Please transcribe the data below in full, word for word, without the images.

Data provided
======
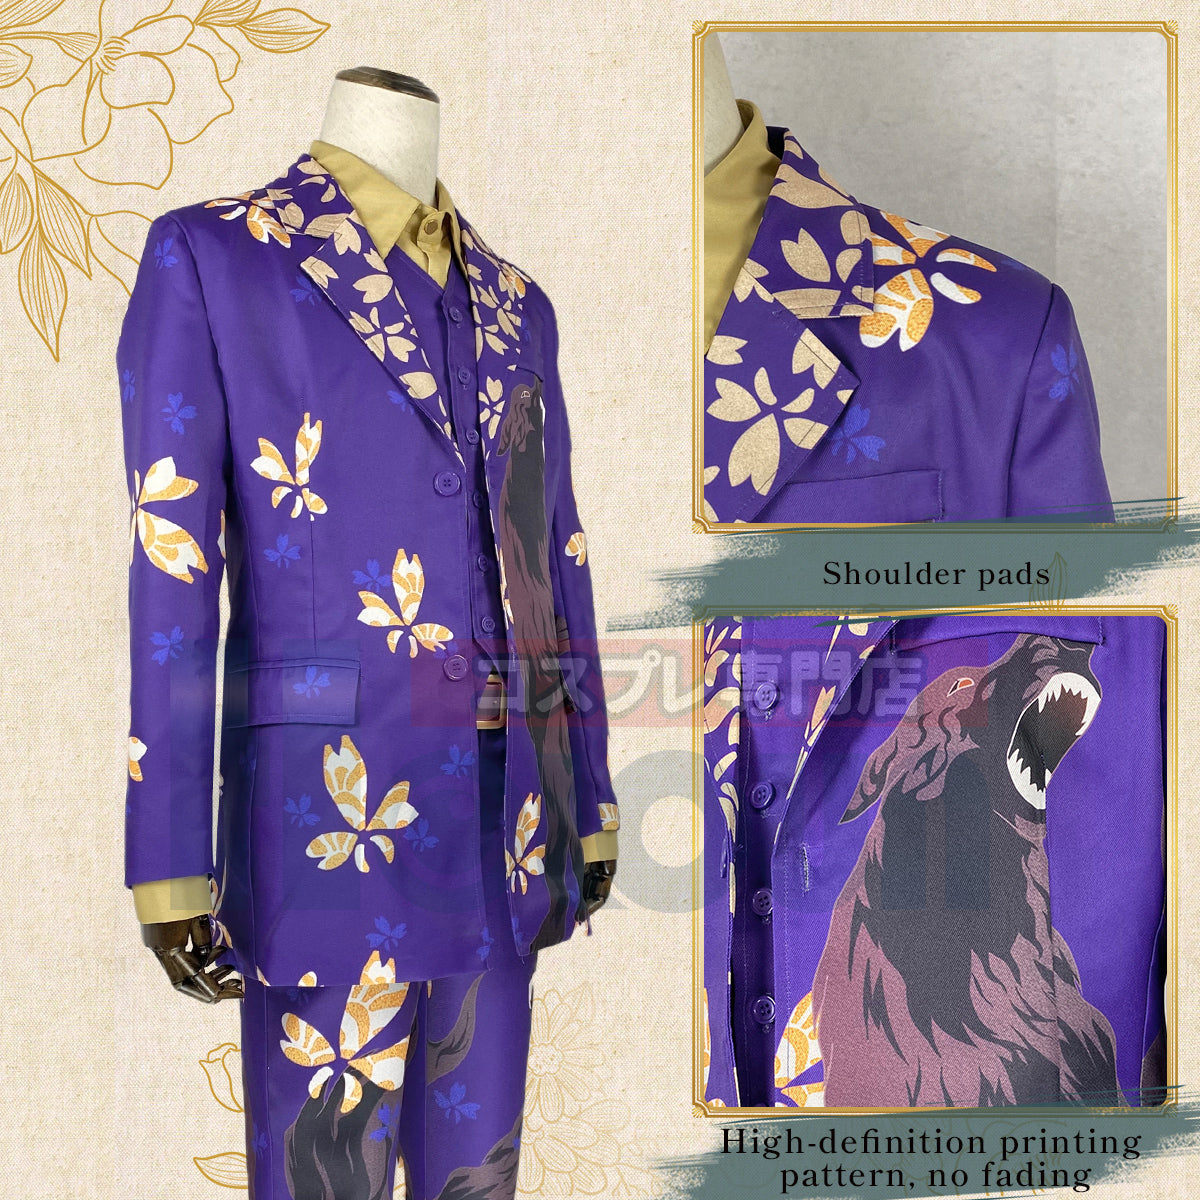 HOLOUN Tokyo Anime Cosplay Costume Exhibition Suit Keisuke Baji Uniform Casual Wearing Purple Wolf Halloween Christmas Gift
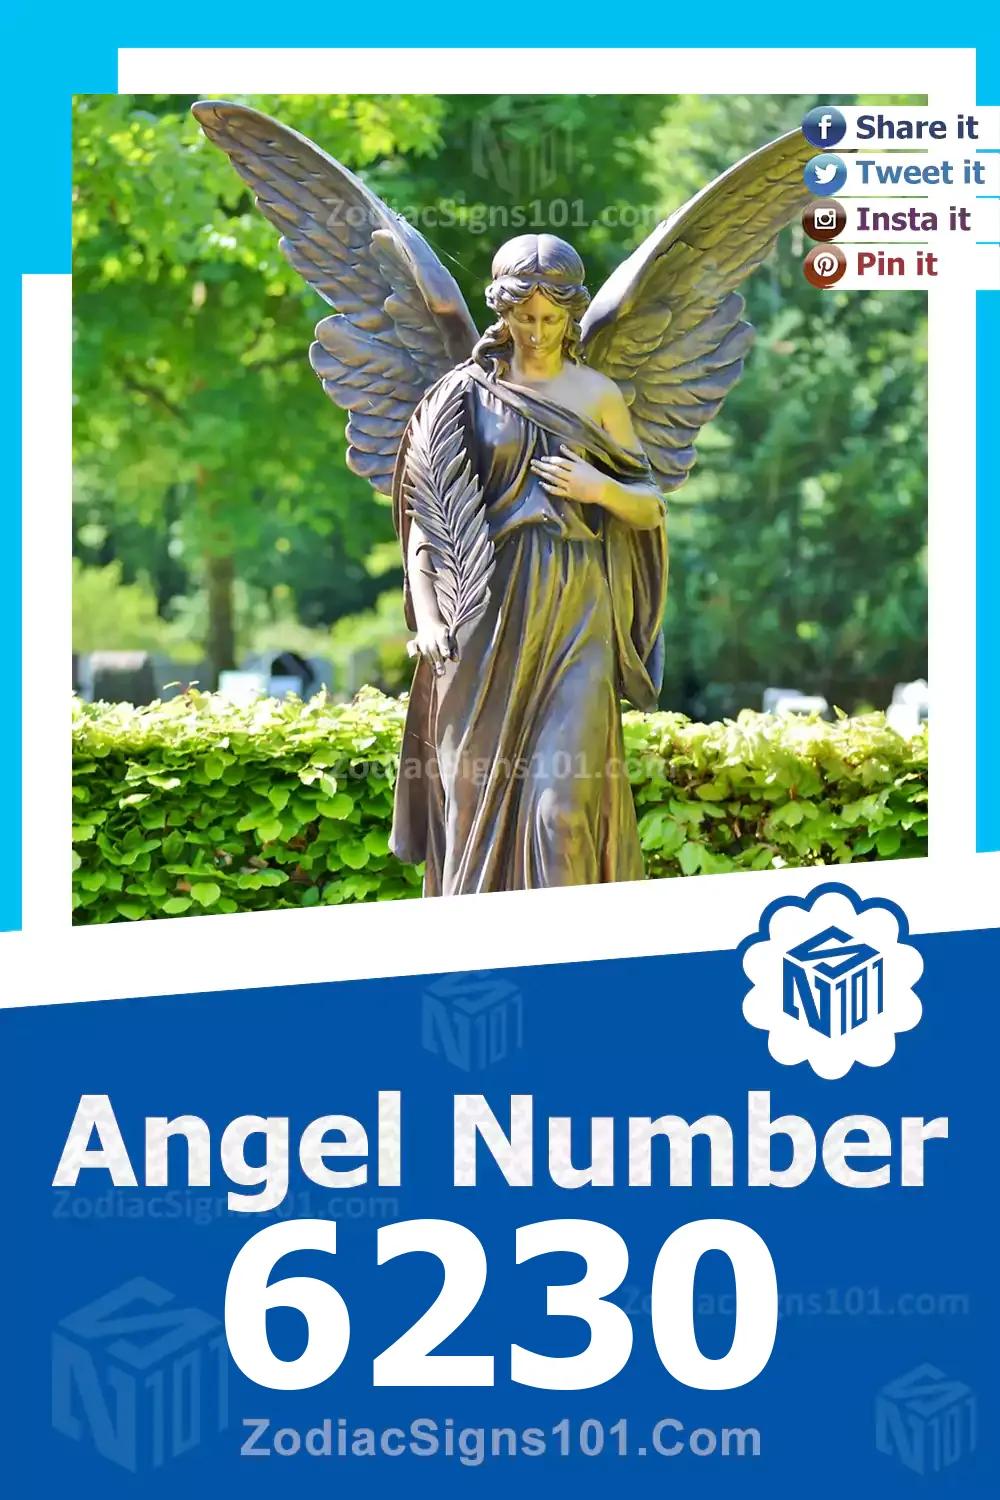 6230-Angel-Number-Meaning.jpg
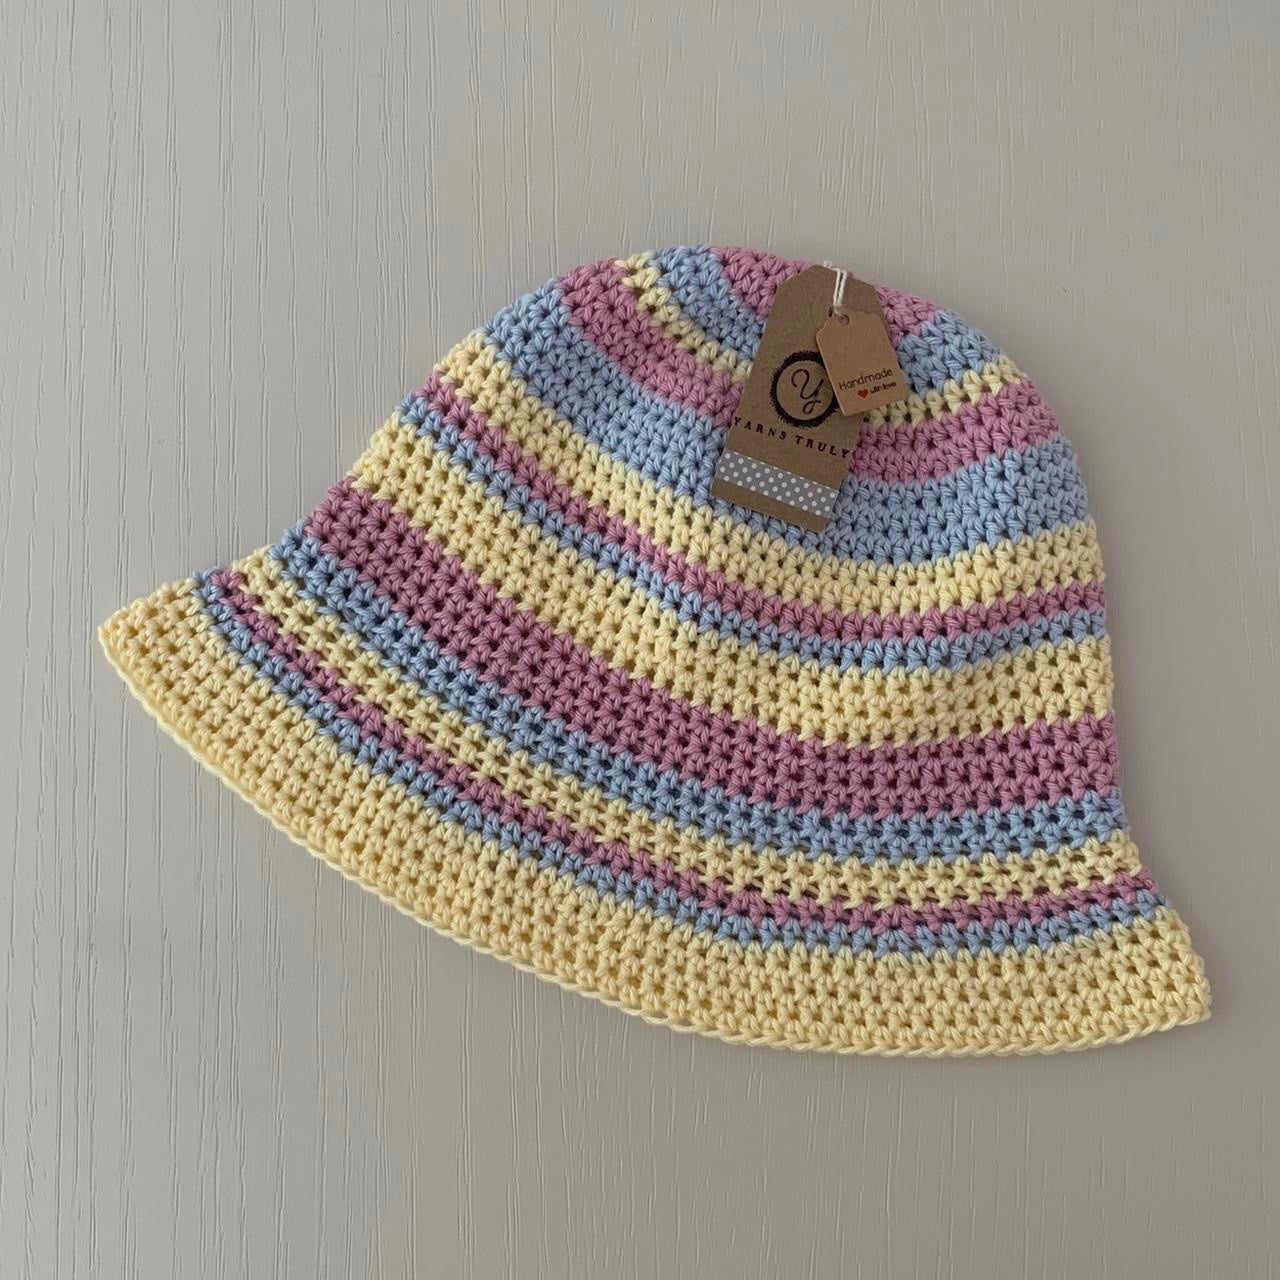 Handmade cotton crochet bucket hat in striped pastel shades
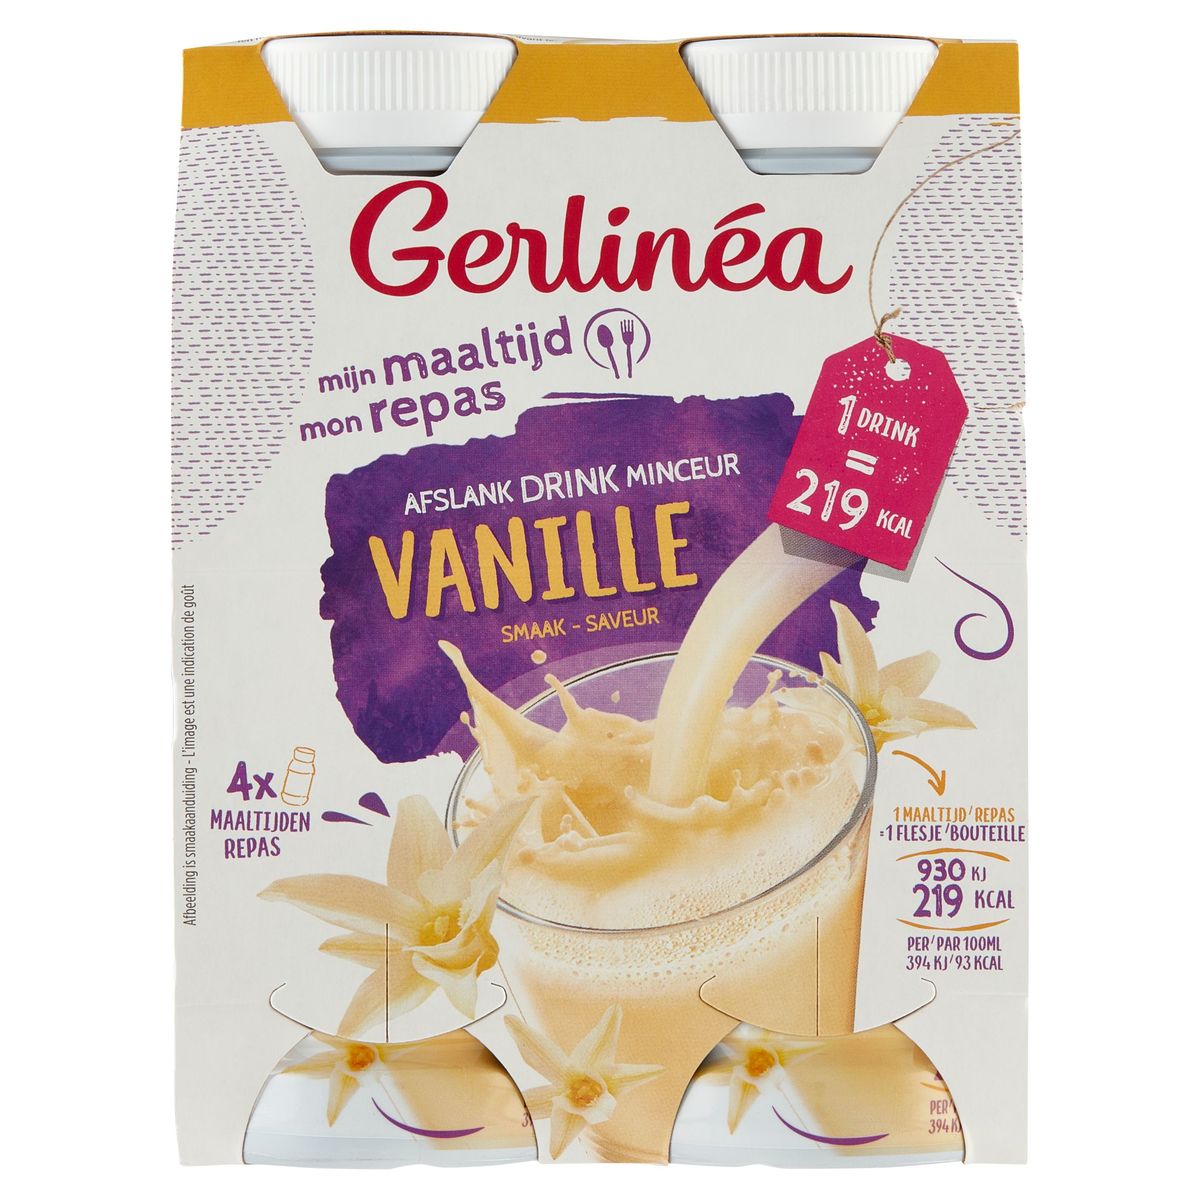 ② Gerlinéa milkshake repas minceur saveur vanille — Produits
======
Solution to this task
 HOLOUN Tokyo Anime Cosplay Costume Exhibition Suit Keisuke Baji Uniform Casual Wearing Purple Wolf Halloween Christmas Gift
 6230-Angel-Number-Meaning.jpg
 Handmade cotton crochet bucket hat in striped pastel shades
 ② Gerlinéa milkshake repas minceur saveur vanille — Produits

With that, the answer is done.